В этой девушке все было удивительно, притягательно, красиво — и фигура, и цвет лица. Она так смотрела на вас, будто все ее существо рвалось к вам без промедления, что, естественно, заставляло каждого мужчину, видевшего ее, сказать себе: «Внимание!» А потом спрашивать: «Ба, да кто же это?»
На самом же деле она мечтала только о том, чтобы проявить себя в искусстве, и писательство, она считала, — область, где она может преуспеть. Сначала рассказы в духе
Кэтрин Мэнсфилд, потом романы в духе Виллы Катер[3].
Одно время я частенько сиживал с ней, мы пили пиво и болтали, и, конечно же, она все больше и больше раскрывалась; а была она чудаковата, к примеру, ее преследовали странные страхи.

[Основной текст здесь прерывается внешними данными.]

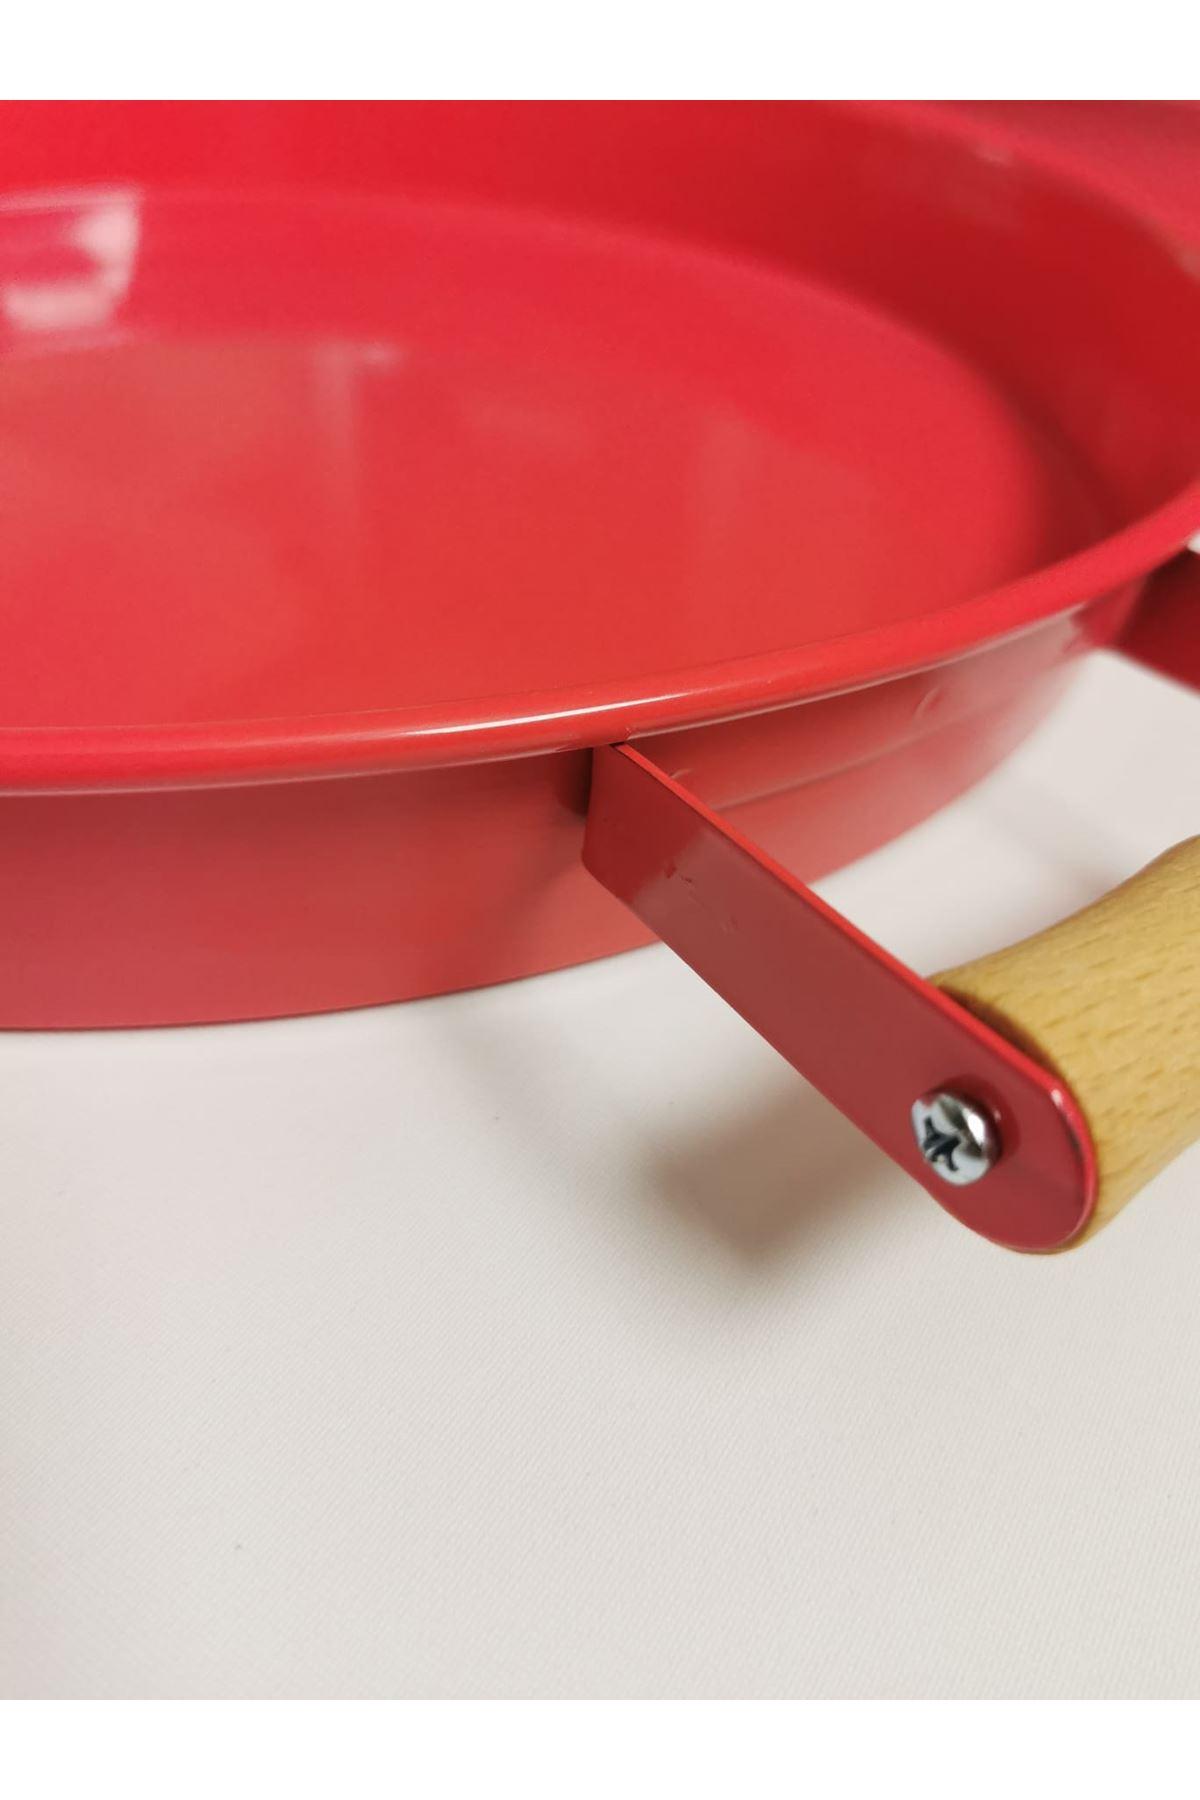 Kitchen Trend 37 Cm Ahşap Kulplu Metal Yuvarlak Pembe Tepsi Sunum Tepsi, Kahvaltı Tepsisi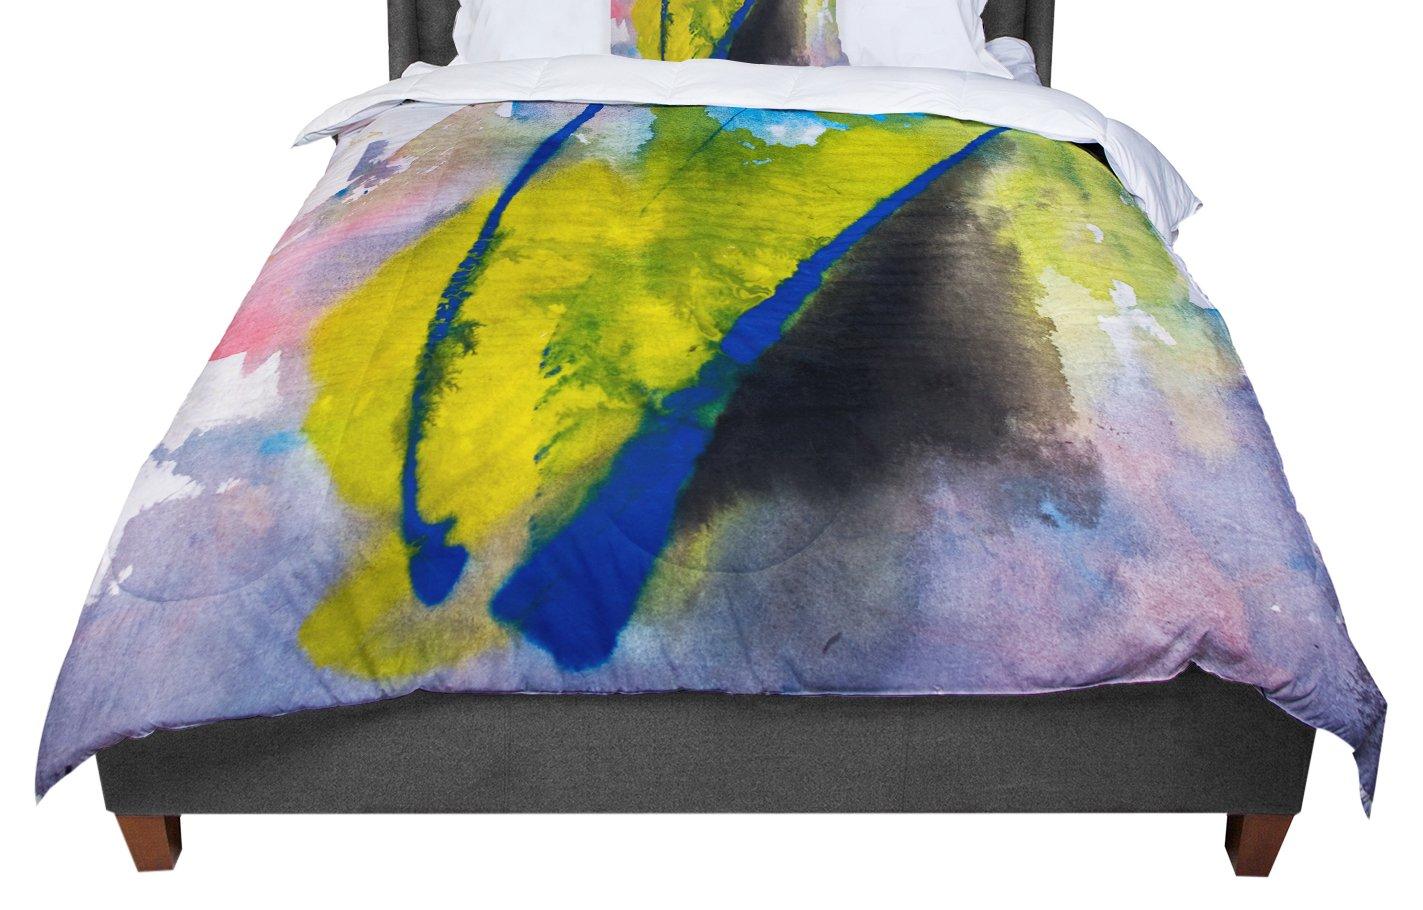 KESS InHouse Malia Shields 'Exploration' Yellow Blue Twin Comforter, 68' X 88'

Она была уверена, что очень скоро среди ночи к ней в спальню ворвется негр, от ужаса ее бросит в дрожь, а когда чуть позже она проснется и через минуту-другую вспомнит, что с ней произошло, — она снова ужаснется, побежит к дверям и запрет их, а потом найдет записку: «О мадам, вы были так восхитительны, что я больше ничего не взял». А через несколько недель она обнаружит, что беременна. И не будет знать, как быть. Ведь она католичка и делать аборт не имеет права. И, конечно же, она не сможет признаться во всем отцу или матери. Ей придется сделать выбор: или покончить с собой, или родить.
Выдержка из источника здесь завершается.